Consul General of the United States in Bermuda
- In office 1989–1992
- Preceded by: James L. Medas
- Succeeded by: Robert Farmer

Personal details
- Born: April 21, 1927 West Virginia
- Died: March 15, 2012 (aged 84) San Francisco, California
- Party: Republican
- Spouse: Sheila Kellogg (1956–1995)

= Eb Gaines =

American diplomat

Ludwell Ebersole "Eb" Gaines Jr. (April 21, 1927 – March 15, 2012) was an American businessman and diplomat. Gaines was appointed the consul general to Bermuda by U.S. President George H. W. Bush in 1989. He served as the head of the American consulate in Hamilton, Bermuda, from 1989 until 1992.

==Biography==

===Early life===
Gaines was born in Charleston, West Virginia, on April 21, 1927. He graduated from the Lawrenceville School, a private boarding school in Lawrenceville, New Jersey. He served on board the LST 636 in the United States Navy from 1944 to 1946 during World War II. Gaines received a bachelor's degree from Princeton University in 1951. He married his wife, the former Sheila Kellogg, who was from Libertyville, Illinois, in 1956. The family raised their four children around the United States, including New Jersey, Connecticut, Ohio, Illinois and the city of Ketchum, Idaho.

===Business career===
Gaines spent most of his career working in private sector. He held executive positions in the Plax Corporation, the Continental Can Company, and the American Arbitration Association. His resume included positions in American Arbitration Association from 1951 to 1953; the Chicago district manager for the Plax Corporation from 1953 to 1960; a metal sales manager for the Continental Can Company from 1960 to 1967; marketing manager for Nationwide Papers from 1967 to 1969; and the executive vice president and director for Diversa-Graphics from 1969 until 1972.

===Overseas Private Investment Corporation===
President Ronald Reagan appointed Gaines as the executive vice president of Overseas Private Investment Corporation in 1981.

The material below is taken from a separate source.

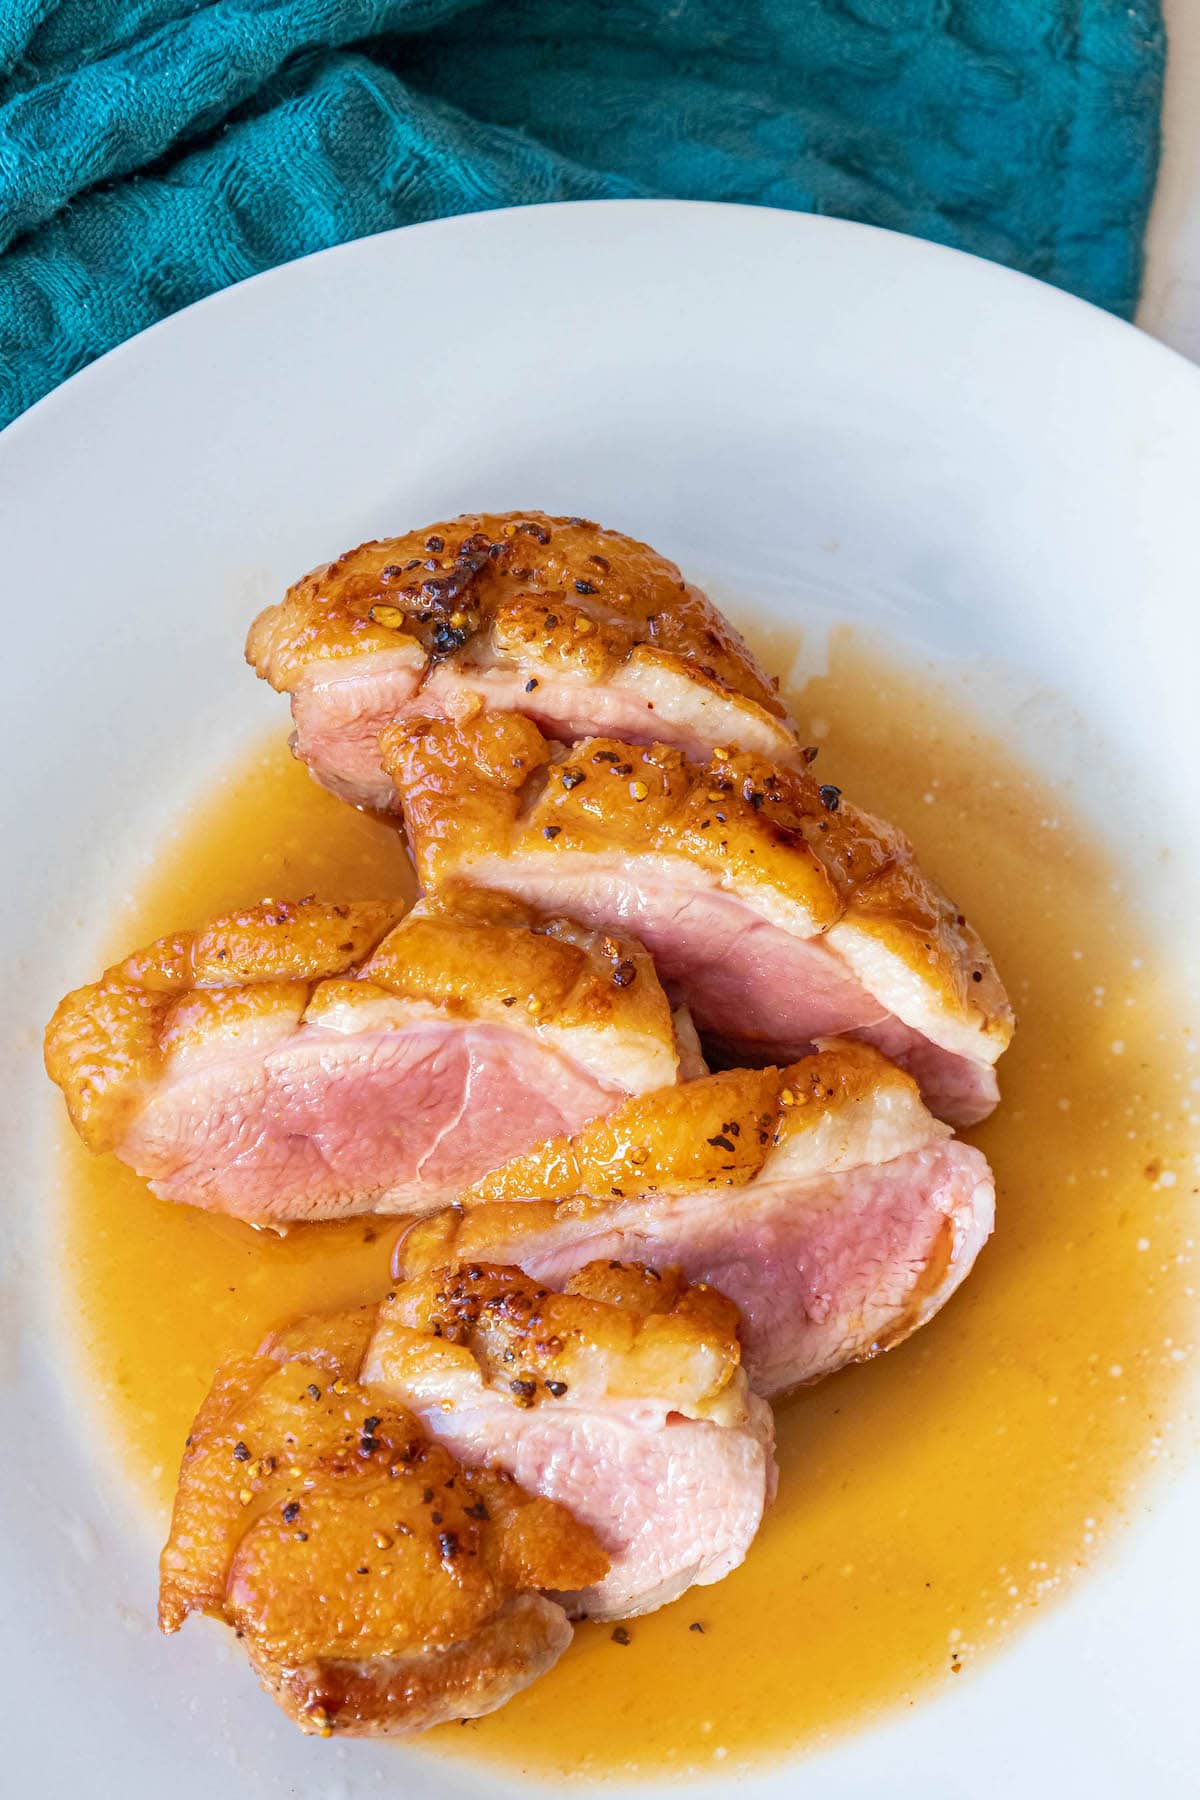 sliced duck breast with crispy fat  topped with an orange sauce on a plate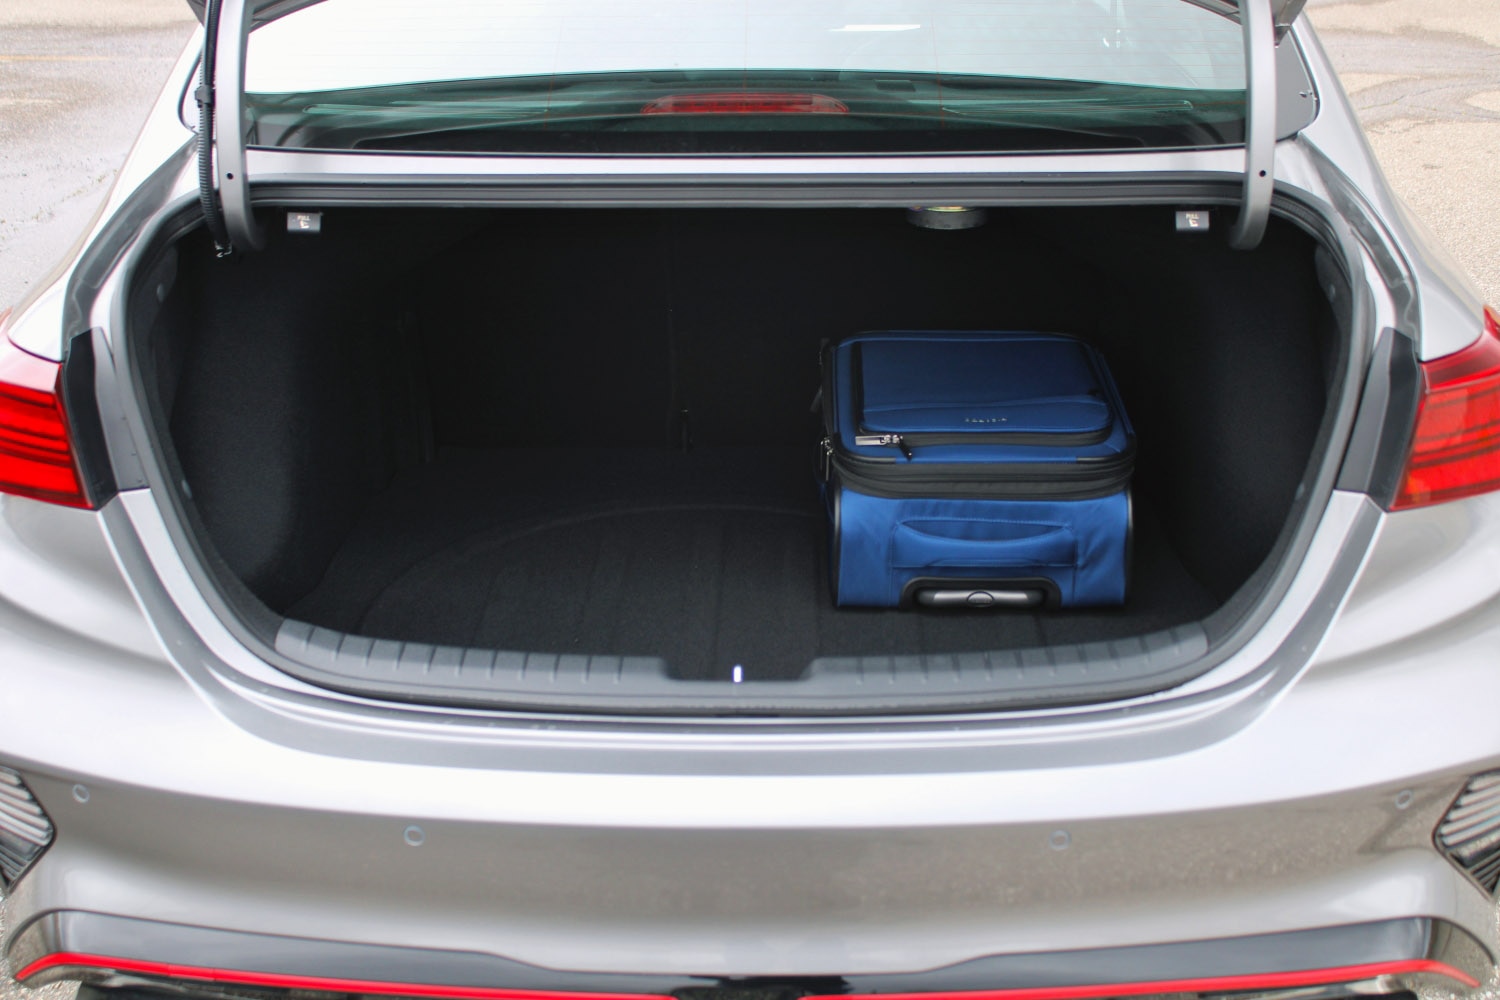 2022 Kia Forte GT with trunk open, showing cargo space with carry-on luggage bag inside

===U.S. Consul General to Bermuda===
Gaines was appointed as Consul General to Bermuda by President George H. W. Bush in 1989. During his tenure, Gaines helped to organize the two bilateral American–British summits on Bermuda in 1990 and 1991 where President Bush held talks with Prime Minister Margaret Thatcher and her successor, Prime Minister John Major. Bermuda was an important strategic location for the United States during the 20th Century. Gaines' term as Consul General coincided with the end of the Cold War between the United States and the Soviet Union. The United States had a military presence on Bermuda for fifty years at the time. However, when the Soviet Union weakened and removed their ballistic missiles from the Atlantic, Bermuda lost its strategic importance. The American, Bermudan, and British governments began negotiations into the future of American troops on the Bermuda under Gaines. The U.S. military finally closed its bases, including the Naval Air Station Bermuda Annex, on Bermuda in 1995.

Former Premier of Bermuda John Swan credited Gaines for strengthening relations between Bermuda and the U.S. federal government, "Eb Gaines and his wife, Sheila, arrived in Bermuda during my tenure as Premier and immediately sought to enhance and foster the relationship between Bermuda and the United States.... Thus began a series of visits by high-ranking members of the Cabinet, members of Congress and other dignitaries. This strengthened relationship played a major role in the facility of the tax convention between Bermuda and the United States which has served us well with our insurance and reinsurance business." Gaines left office in 1992.

Eb Gaines died in San Francisco, California, on March 15, 2012, at the age of 84. He was survived by his four children—Eb III, Leith, Kellogg and Audrey—and three grandchildren, Riley, Simmons and Kellogg Jr. His wife, Sheila Gaines, died in November 1995.